Please see below for the six newly posted FAQs:
VEVRAA
Question: If an individual self-identifies as a protected veteran at the pre-offer stage of the application process, but does not self-identify again at the post-offer stage, may a contractor still count the individual as a protected veteran for purposes of applying the hiring benchmark and performing the required data collection analysis?
Answer: Section 60-300.42 of the new VEVRAA regulations requires contractors to invite applicants to self-identify as “protected veterans” at both the pre-offer and post-offer stages of the application process. If an applicant self-identifies as a “protected veteran” at the pre-offer stage but not at the post-offer stage, the contractor may identify the new hire as a “protected veteran” for purposes of compliance with the new VEVRAA regulations.
Question: When applying the hiring benchmark, should contractors use the same definition of “hires” that is used for purposes of the data collection analysis required by 60-300.44(k)?
Answer: Yes. Since neither the new regulations, nor its preamble, specify a different definition of “hires” for the VEVRAA hiring benchmark, contractors should use the definition of hires that is applicable to the data collection analysis obligation. That definition encompasses those applicants (both internal and external to the contractor) who are hired through a competitive process, including promotions. This will ensure consistency in the interpretations of these key provisions of the new regulations.
Question: Does the number of “jobs filled” include step or ladder movements that are automatically attained upon completion of a stated event, such as time in the job or attainment of a particular certification?
Answer: Both competitive and non-competitive movements may qualify as “jobs filled,” so long as the movement is one into a different position, rather than simply a movement within the same position. This will necessarily be a fact-based determination. So, for example, a time-driven salary increase from one “step” to the next within the same position would not be a “job filled,” since there was not any movement into a new position.
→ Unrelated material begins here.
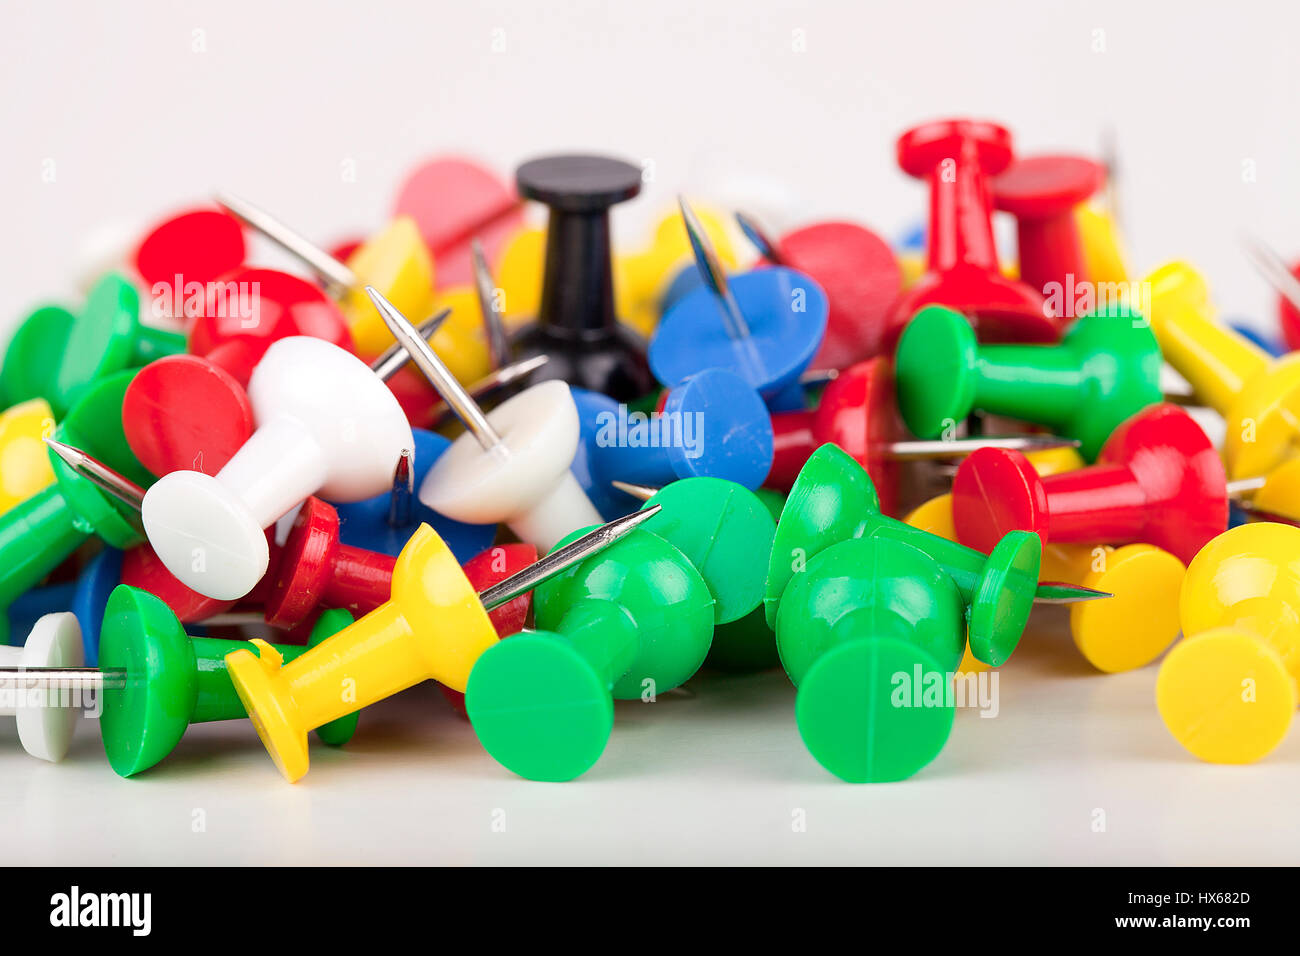 Pile of colorful pushpins on a white surface. Pile of thumbtacks isolated on white background. Stock Photo

By contrast, if an apprentice completes a certification program and moves into a journeyman position, then such movement would be a “job filled,” since it is a movement from one position to another.
Section 503
Question: Under the new regulations, must a contractor hire an individual with a disability who is not the best qualified but who meets the minimum requirements of the job for the purposes of affirmative action?
Answer: No. The Section 503 regulations do not require contractors to hire an individual who is not qualified for the position being sought. Nor do they require contractors to hire a less qualified candidate instead of the best qualified candidate for the purposes of affirmative action. However, it would not violate Section 503 for a contractor to select a person with a disability over a candidate without a disability who was equally or better qualified, so long as that selection was not based on a prohibited factor such as race, gender or ethnicity.
Question: Does the number of “jobs filled” include step or ladder movements that are automatically attained upon completion of a stated event, such as time in the job or attainment of a particular certification?
Answer: Both competitive and non-competitive movements may qualify as “jobs filled,” so long as the movement is one into a different position, rather than simply a movement within the same position. This will necessarily be a fact-based determination. So, for example, a time-driven salary increase from one “step” to the next within the same position would not be a “job filled,” since there was not any movement into a new position. By contrast, if an apprentice completes a certification program and moves into a journeyman position, then such movement would be a “job filled,” since it is a movement from one position to another.
Question: May a contractor fulfill its obligation to invite its current employees to self-identify as having a disability by asking them to sign into an employee portal on the company Intranet?
Answer: The Section 503 regulations do not prescribe a particular method that contractors must use to invite its employees to self-identify. Contractors therefore have the flexibility to choose any method or methods that are reasonable and likely to be effective, given its particular circumstances. For example, contractors may choose to inform employees that it is inviting their self-identification in the same manner it uses to disseminate other important workplace notices to its employees. This might be emailing the notice of the survey and the self-identification form, or an Intranet link to the form, to all employees, or it might be prominently posting a notice with a link to the self-identification form on the company Intranet, prominently posting a notice and copies of the form in the employee lounge, or distributing a notice and copies of the form where employees go to sign in or pick up their paycheck.
Need more information?
If you need more information, the OFCCP FAQs regarding Section 503 and VEVRAA are a good resource for meeting the standards to be compliant with these new regulations. One thing to note is that these FAQs were made to help contractors understand the new regulations.